Do You Think the movie "Jaws" is very popular in the People's Republic of China?
Because if you really think about it, there is a subtle socialist manifesto running through this movie's main themes, especially if you look at the key characters. Maybe that's why they are so intent on wiping out sharks by turning them all into soup! First there's Captain Quint: a rugged individualist (anti collectivism) who endangers the others by destroying the boat's radio. He is punished by becoming shark food. Then there's Matt Hooper: a wealthy young capitalist who hides under a rock (imperialist coward!) to escape the giant shark. Mayor Larry Vaughn is the most despicable character, responsible for many deaths because he keeps the beach open (selfish profiteer!) choosing money over human life. Only Chief Brody, man of the people...public servant...is able to heroically vanquish the monster fish in the end. Voila!

Watch Shark Week starting this Sunday. It's nice to have a TV series about sharp teeth that doesn't involve vampires!

Link

Sunday, June 21, 2009

Just When You Thought it was Safe to Get Back in the Water!

Now that summer is officially here (thanks for the Solstice tribute, Lisa!) our thoughts naturally turn to the beach. And what summer beach thought would be complete without a few nervous nods to the shark. It's time to reminisce about great shark movies and television. At the top of the heap, thanks to author Peter Benchley, director Steven Spielberg, and composer John Williams, is JAWS. Released exactly 34 years ago, it has been scaring the daylights out of people (and keeping them out of the water) ever since. Funniest personal "Jaws" anecdote: my sister used to run a dive boat in the Florida Keys. Inevitably some tourist would have a nervous melt down in the water. To get them to snap out of it, she would calmly ask them..."Do you hear the music? No? Well if you don't hear the music, the shark's not coming". It worked every time.

On television, the greatest shark programming has been coming to us compliments of the Discovery Channel for over 15 years. "Shark Week" returns on August 2nd with plenty of new footage, including a segment about shark encounters with dogs and other animals.
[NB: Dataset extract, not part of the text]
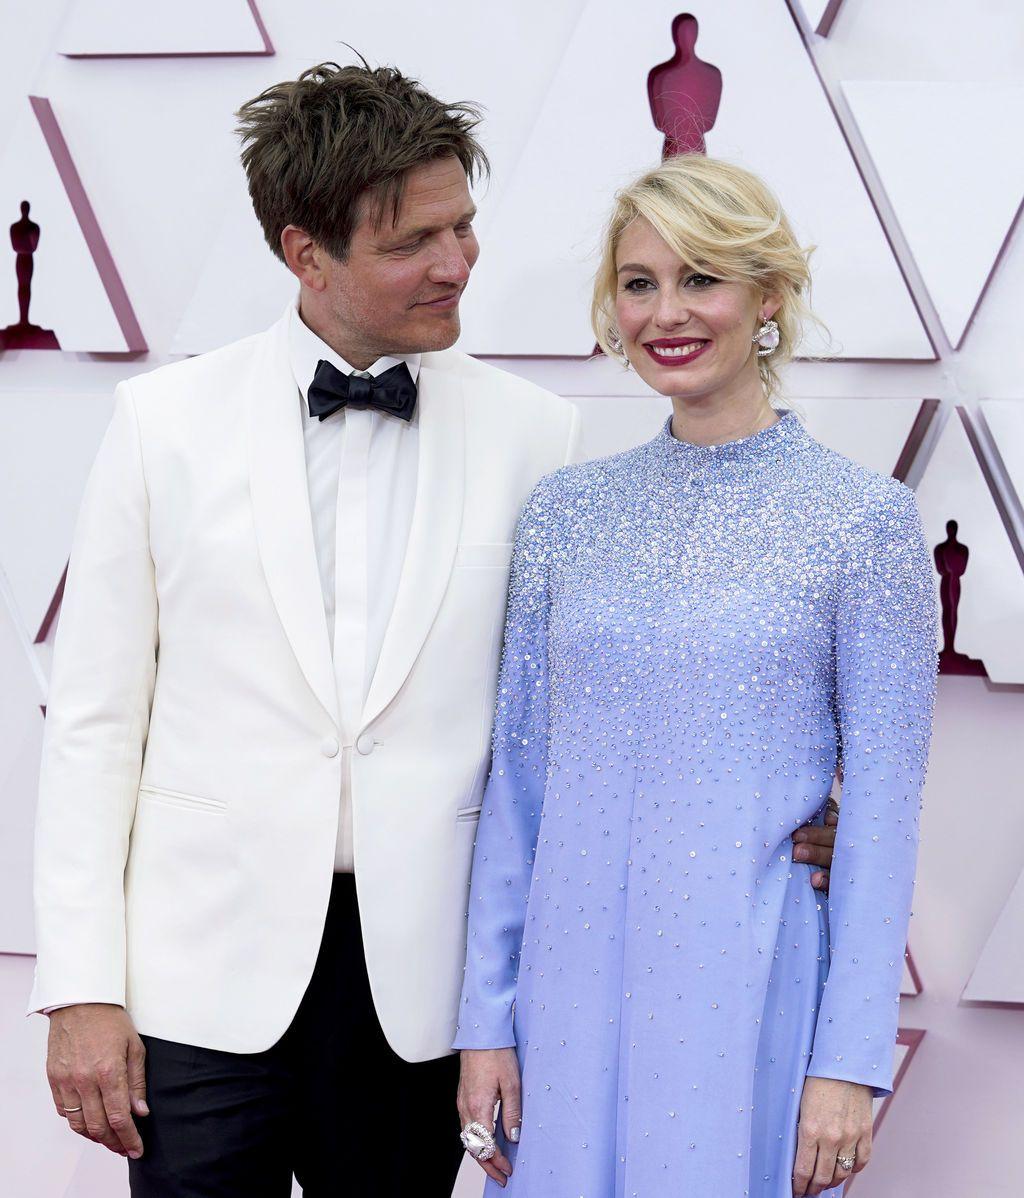 Thomas Vinterberg y Helene Reingaard Neumann desfilan en la alfombra roja de Union Station, la estación de autobuses de Los Ángeles, una de las sedes donde tiene lugar la gala de los Premios Oscars 2021
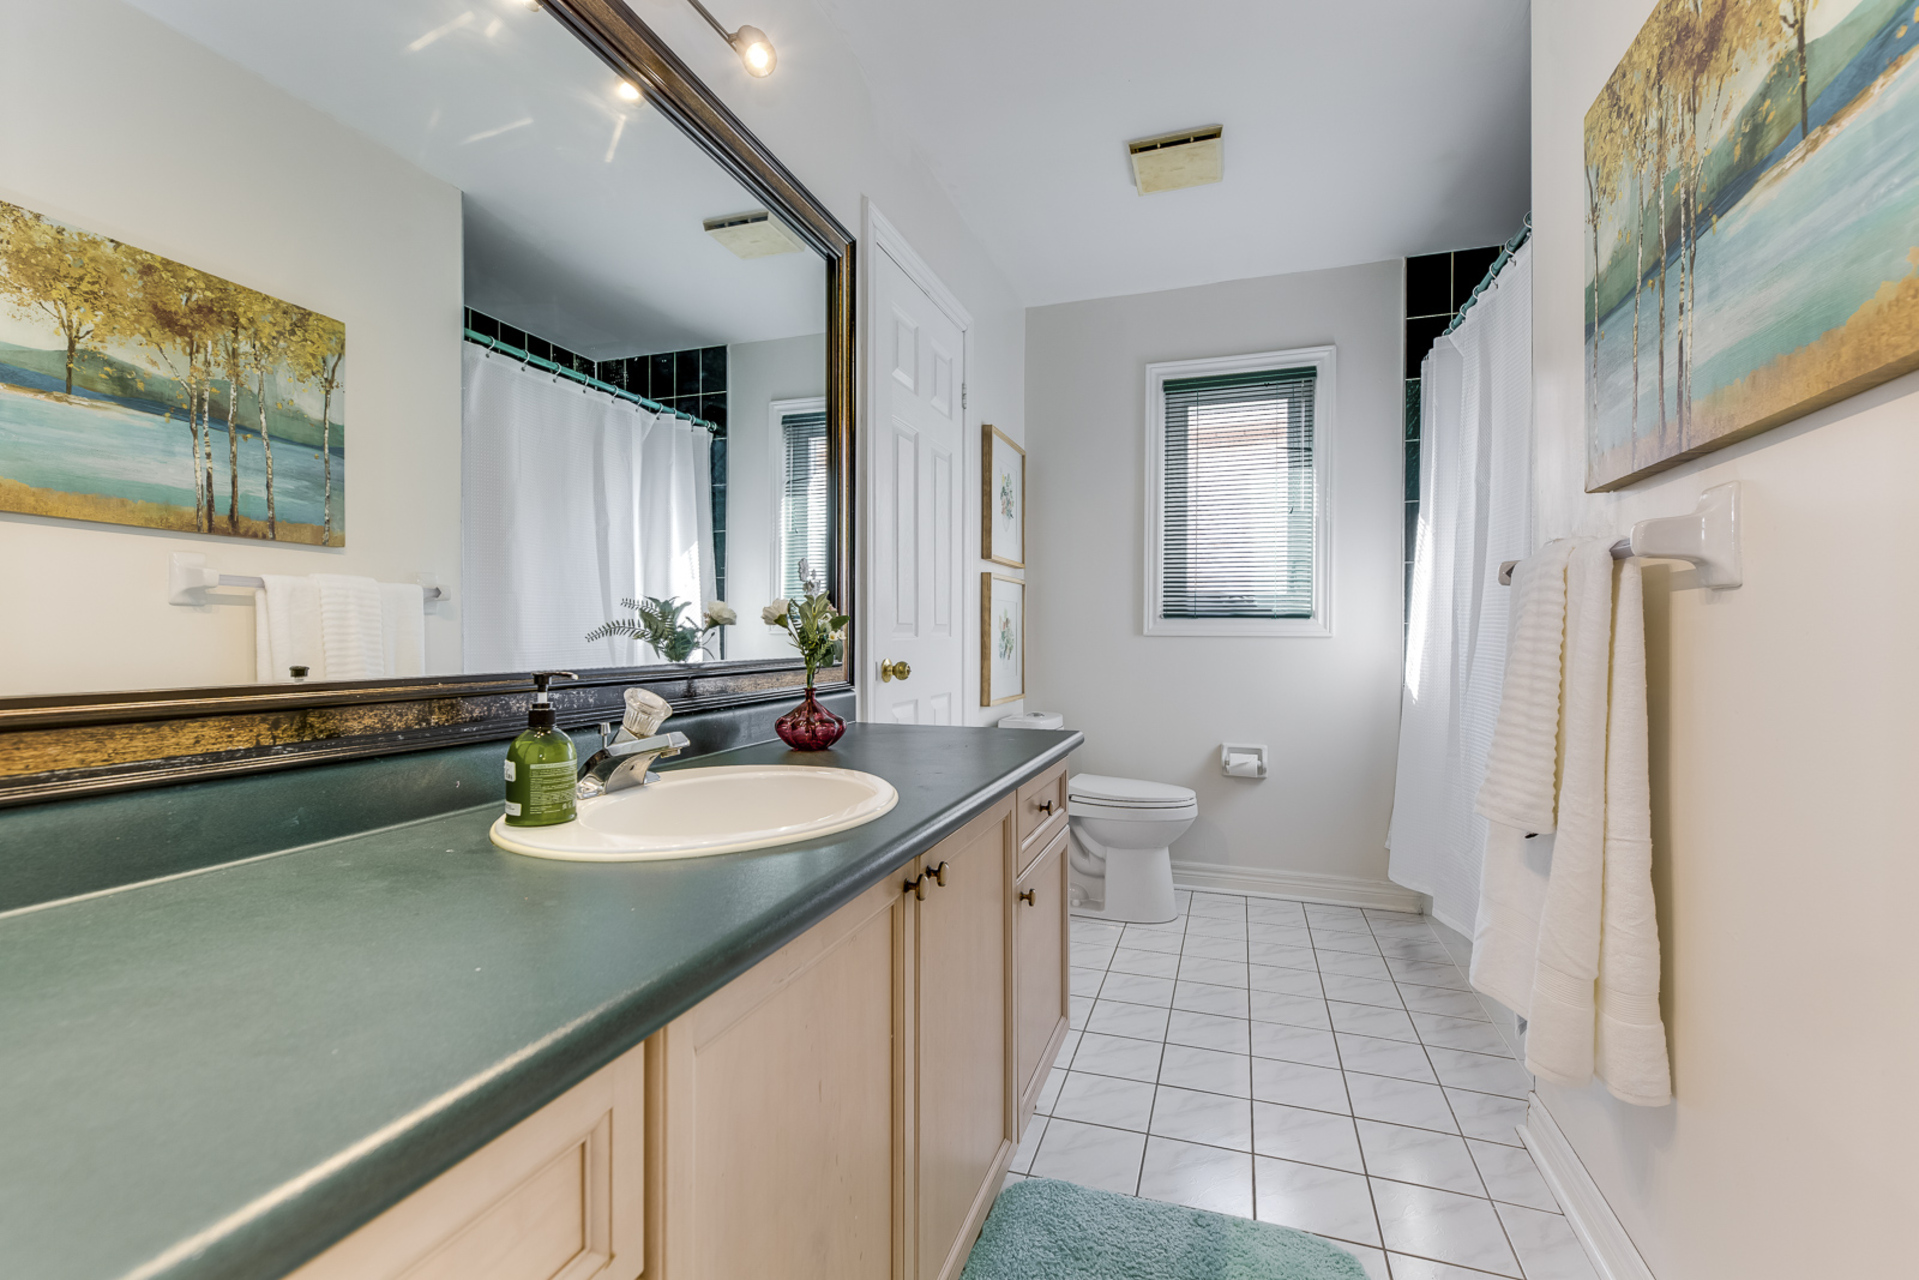 Main Bathroom - 1471 Creekwood Tr, Oakville - Elite3 & Team at 1471 Creekwood Trail, Iroquois Ridge North, Oakville

We'll give another update when it gets closer to the air date. In the meantime, the Discovery website has plenty of fun videos, pictures and games about sharks.

Shark trivia question: Which beach in America has the most recorded shark attacks? Answer: New Smyrna Beach, Florida, which has recorded over 200 attacks. None were deadly. Note to readers, I have been swimming in the New Smyrna Beach waters dozens of times over the years on vacation (it's near the more famous Daytona Beach) and have never even seen a shark, much less been nipped by one.

So grab your tube of Coppertone and a good scary summer paperback. Whether you stay on the beach and read or are brave enough to venture in, it's important to remember that the odds of a shark encounter are slim to none. Instead of being afraid of this amazing, almost prehistoric beast, we should all think about preserving them. Some are becoming increasingly endangered and rare, like the gentle giant whale shark pictured here.